All text and images copyrighted by Stephen McDonnell

The Concept of Coldness

As someone who has lived in a wide range of climates, from sub-tropical, desert, temperate to Canadian, I have experienced a wide variety of temperatures and humidity. The coldest I have been, barring the ice storm, was in Gare St. Lazarre train station in Paris where the cold stones seemed to suck the warmth out of my body. Chemical reactions are either endothermic or exothermic, which leads me to believe that that Train station produced an endothermic type of cold; A "humid" cold. In Canada, the cold weather is a "dry" cold. Or a "warm" cold. Despite the dichotomy this is obvious to any Canadian who leaves a minus 30 degree Celsius Canadian winter, with very low humidity, to travel to Europe where the temperatures hover around freezing, but where the humidity is 80 %.

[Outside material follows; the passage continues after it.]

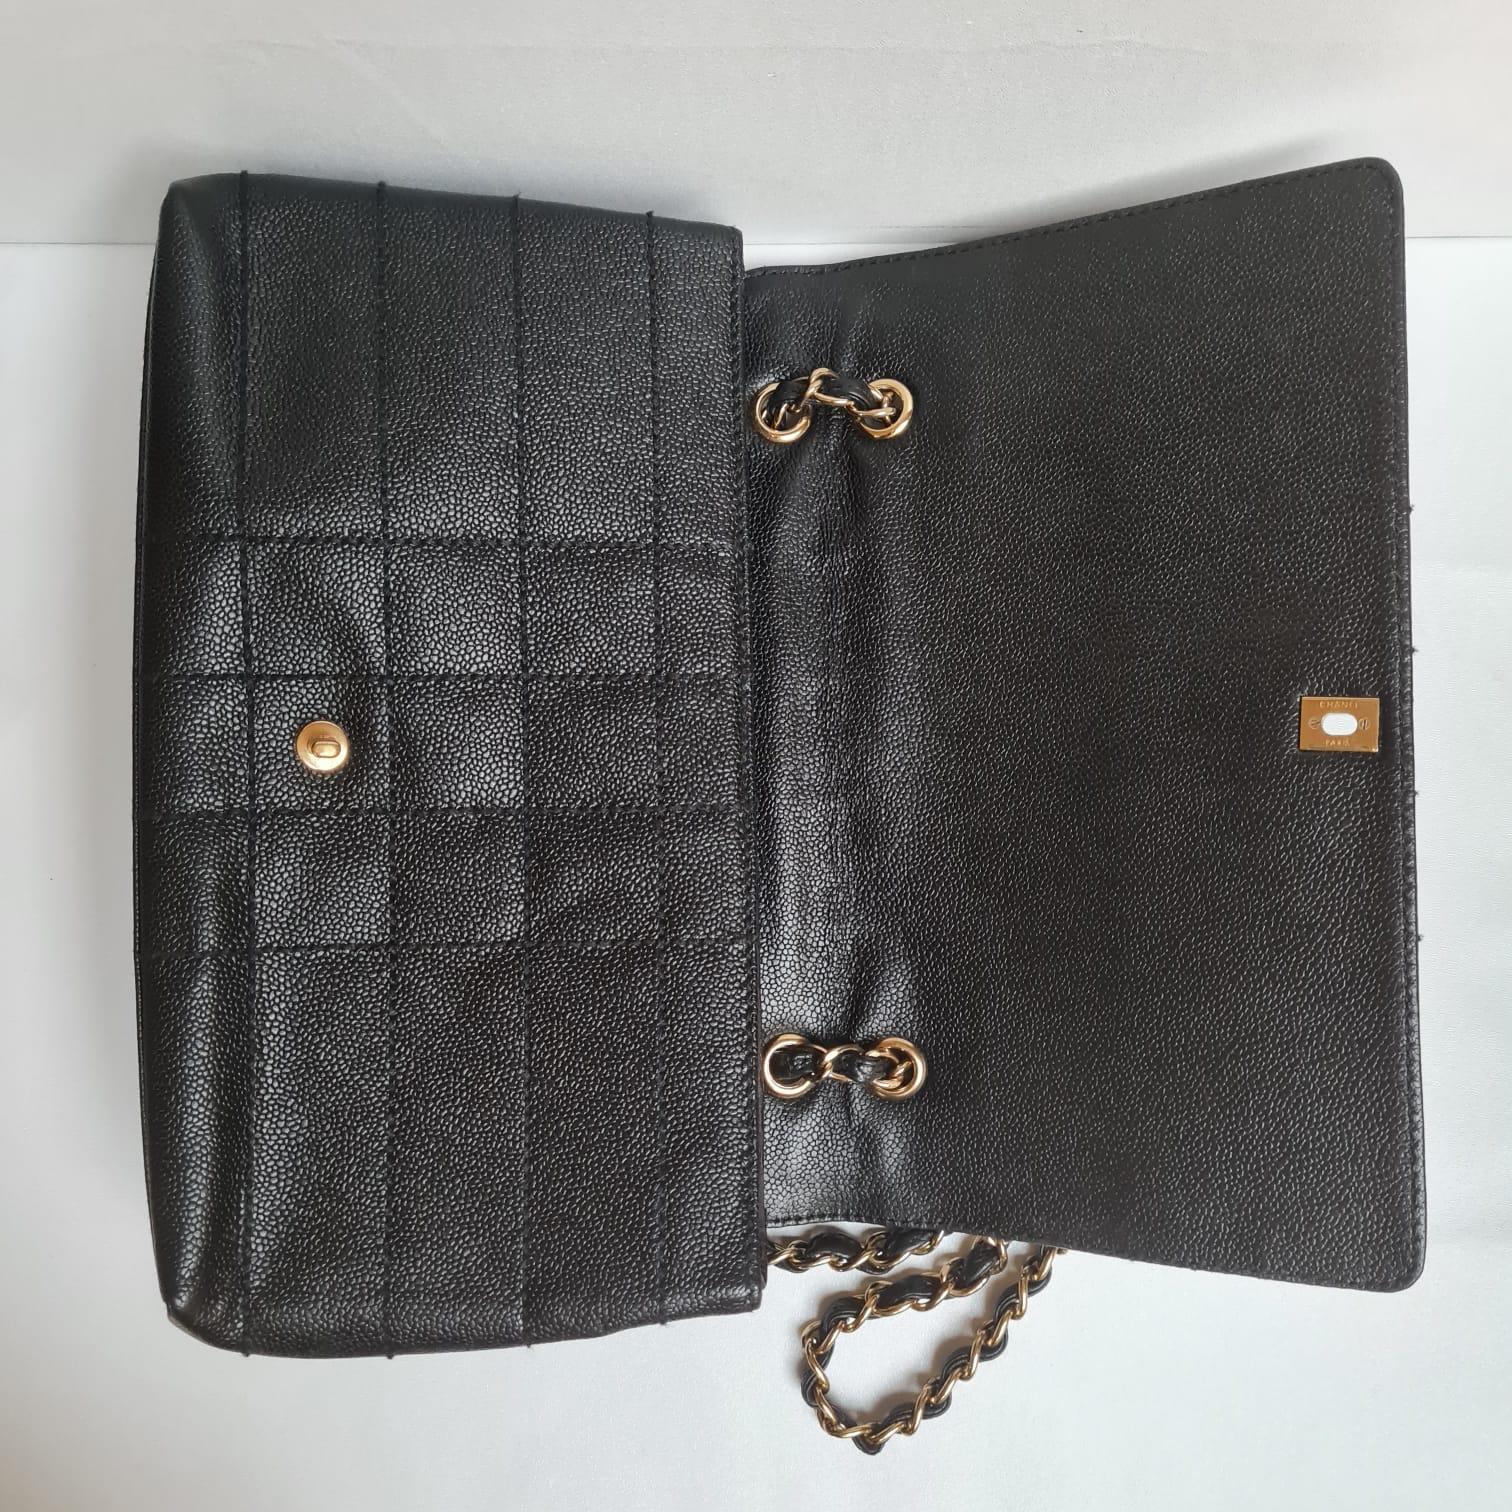 Chanel Black Caviar Square Quilted Flap Bag In Good Condition For Sale In Jakarta, Daerah Khusus Ibukota Jakarta

This leads me to the conclusion that coldness is a relatively subjective condition; governed by external and internal factors. The body would appear to posses an internal thermostat which allows people adjust to different climes; as I have moved back and forth between various climates I have noticed that it takes about a year for my body to adjust, reset the internal thermostat. Extreme temperatures are difficult to adjust to, be it high or low. Yet, I personally feel that a warm climate is easier to take than a cold climate. True, too much heat can kill as well as too little heat; from my own experience, I would prefer being too warm. My mother, God rest her soul, could not stand air conditioning. So I grew up living in a house in the South where when it hit a hundred degrees (38 degrees Celsius) and a hundred percent humidity, she might put a fan on to "cool things down a bit". Now that I live in the Great North, Canada, I would be dead by the time the temperature fell down to minus 38 degrees Celsius, much less below freezing. Most people feel cold if ambient outside temperatures fall below half their internal body temperature; this can be aggravated if their core body temperature is lowered by shock or other factors, such as age and injury.

Needless to say, you can drown as easily in a foot of water as well as in the deep blue sea, so the debate about cold is a relative one.